Another way that scales up readily is IP multicasting.

MK14:

--- Quote from: NiHaoMike on August 12, 2023, 07:36:49 pm ---See Tor and I2P for secure P2P protocols. It is a solvable problem.

Another way that scales up readily is IP multicasting.

--- End quote ---

As I understand it, Tor is not a P2P network, it uses other techniques.

One possible source:
https://tor.stackexchange.com/questions/4762/is-tor-a-p2p-network

But in principal, if done right and well.  I think you have got a good point.  There are a number of modern techniques, which if properly handled and executed, could reduce a number of the issues, I mentioned above.

Edit:
But on the other hand.  Video content, can need a huge amount of data bandwidth, there can be a crazily huge amount of data storage involved, overall.  Especially including long, very rarely watched videos.
I don't even want to try and imagine, how vast the storage space needed to store every single video on YouTube, would actually be.

Also, at peak times and/or when an extremely popular video, has just come onto the respective platform.  I think it needs some serious computing, storage, networking and software horse power.  To completely smoothly, handle such situations, without the slightest frame being dropped, here and there.

Sometimes, it is way too easy to take such giant, and highly complicated technical achievements, too much for granted.

E.g.

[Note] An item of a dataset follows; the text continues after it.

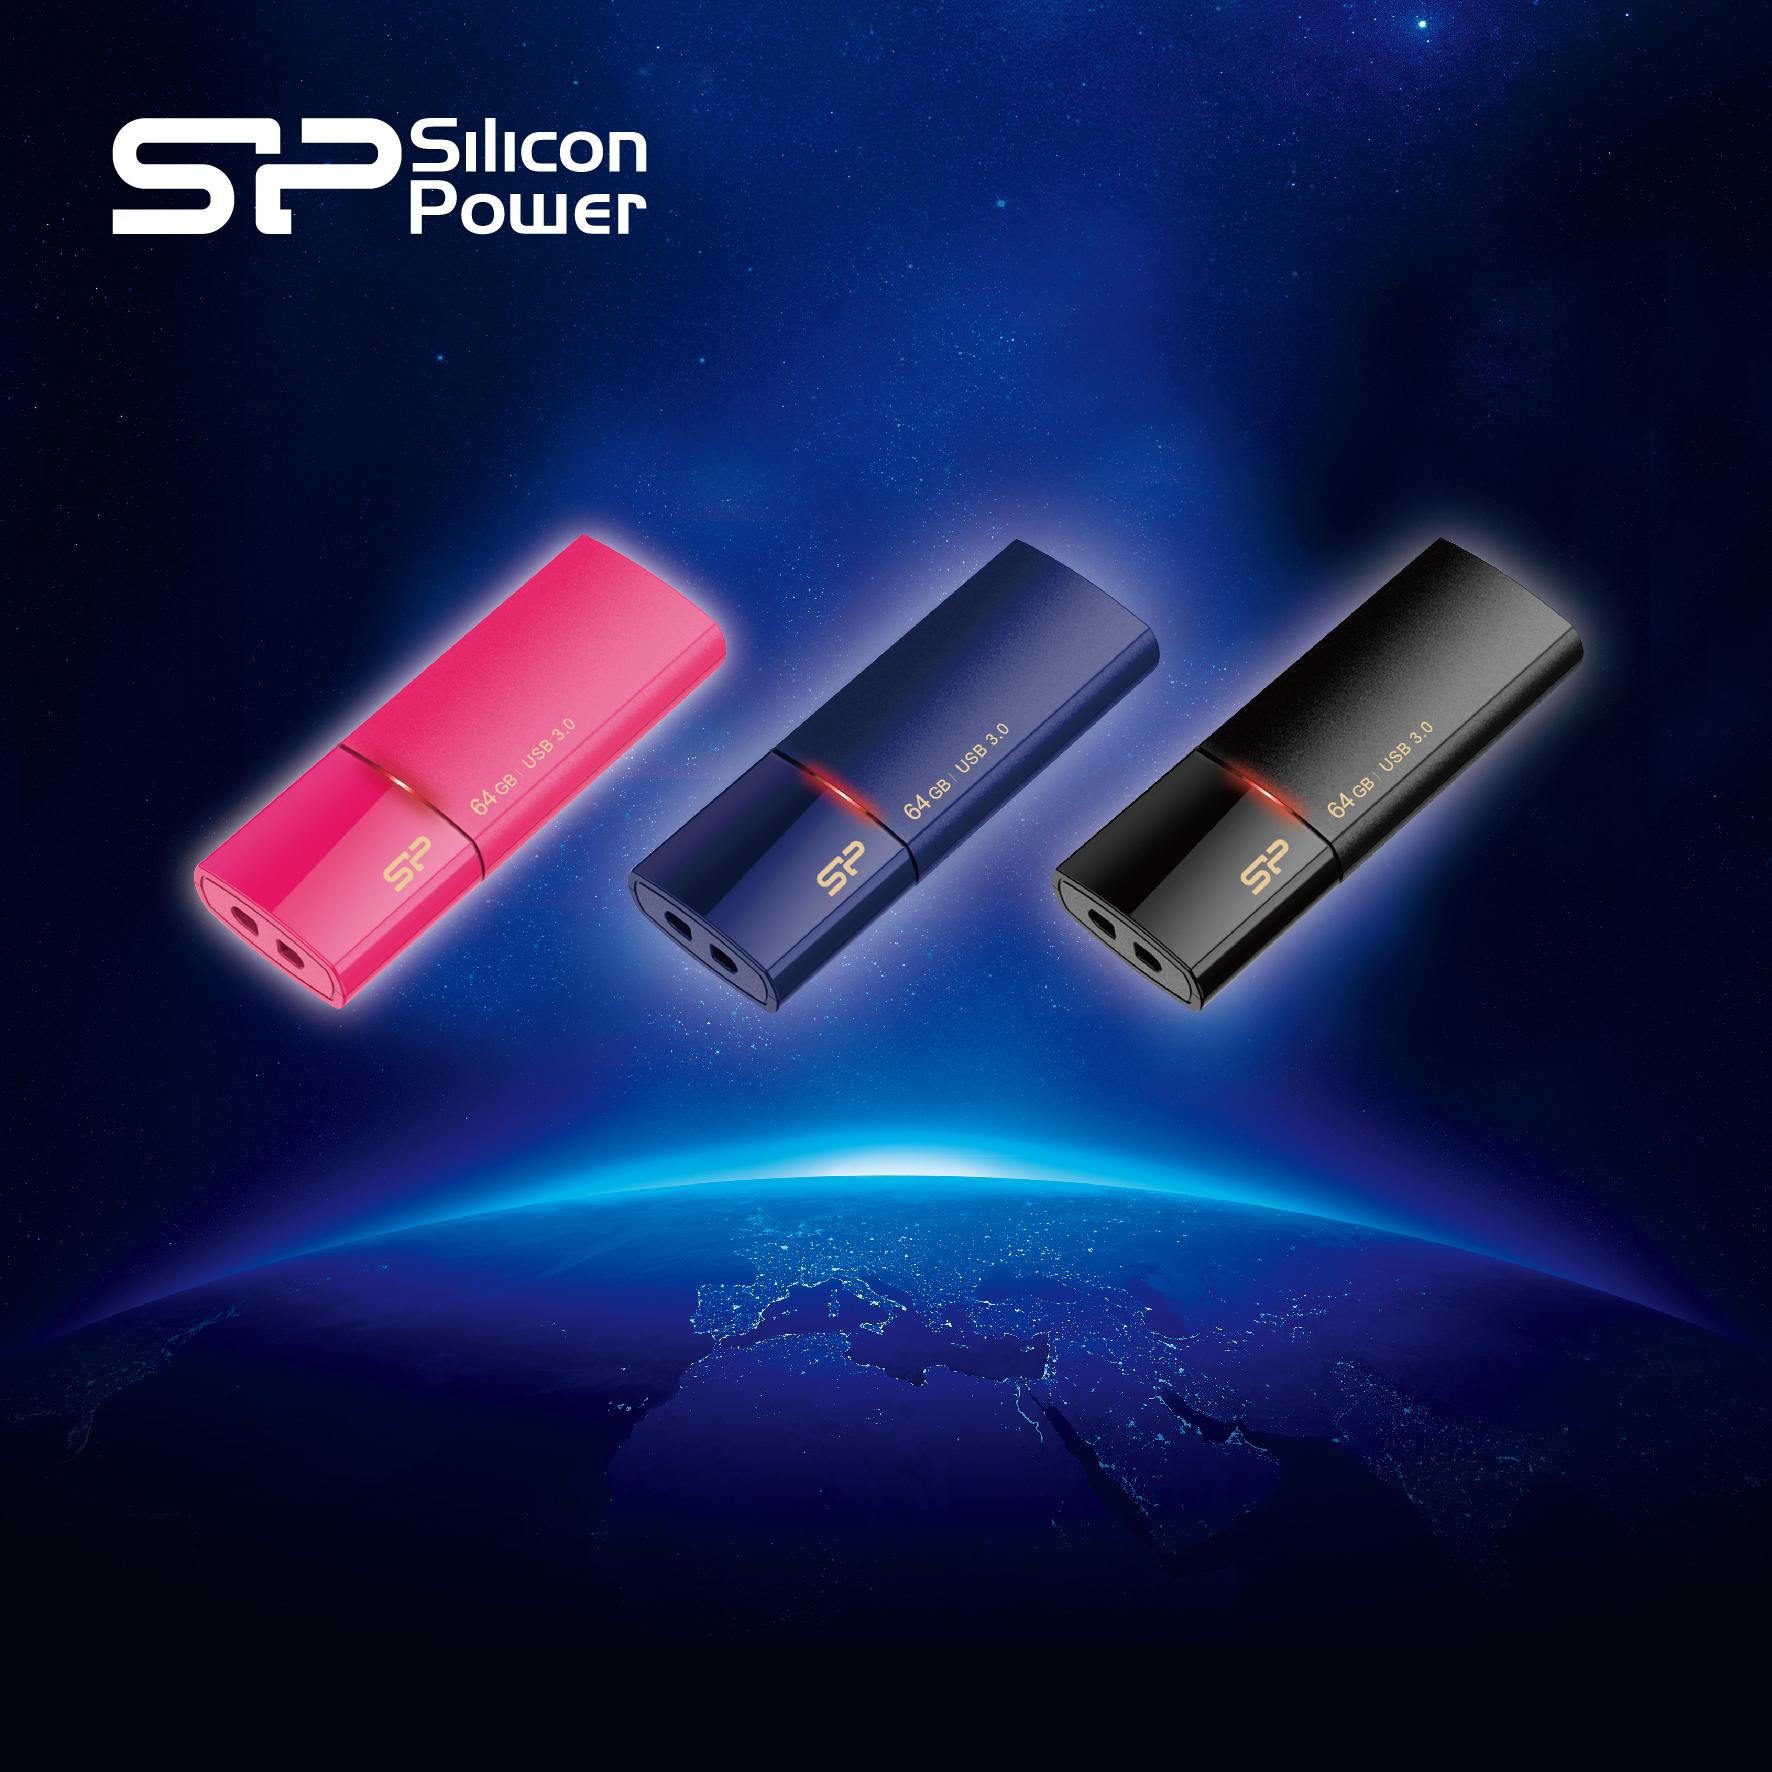 "SP廣穎電通 USB 2.0 Ultima U05 & USB 3.0 Blaze B05隨身碟 -指尖輕科技 繽紛靚時尚"" style="

Tor has got a bad reputation for being rather slow.  So I don't know, how well it or something similar, could cope with (what I expect), would be huge demands, on anything like a YouTube network.

NiHaoMike:
Plain old Bittorrent is plenty good for most of the content. Add some sort of cryptocurrency on top of it that's "mined" by seeding the torrents and it will effectively provide incentives to seed. Make the amount of reward dependent on demand and it will automatically scale as needed.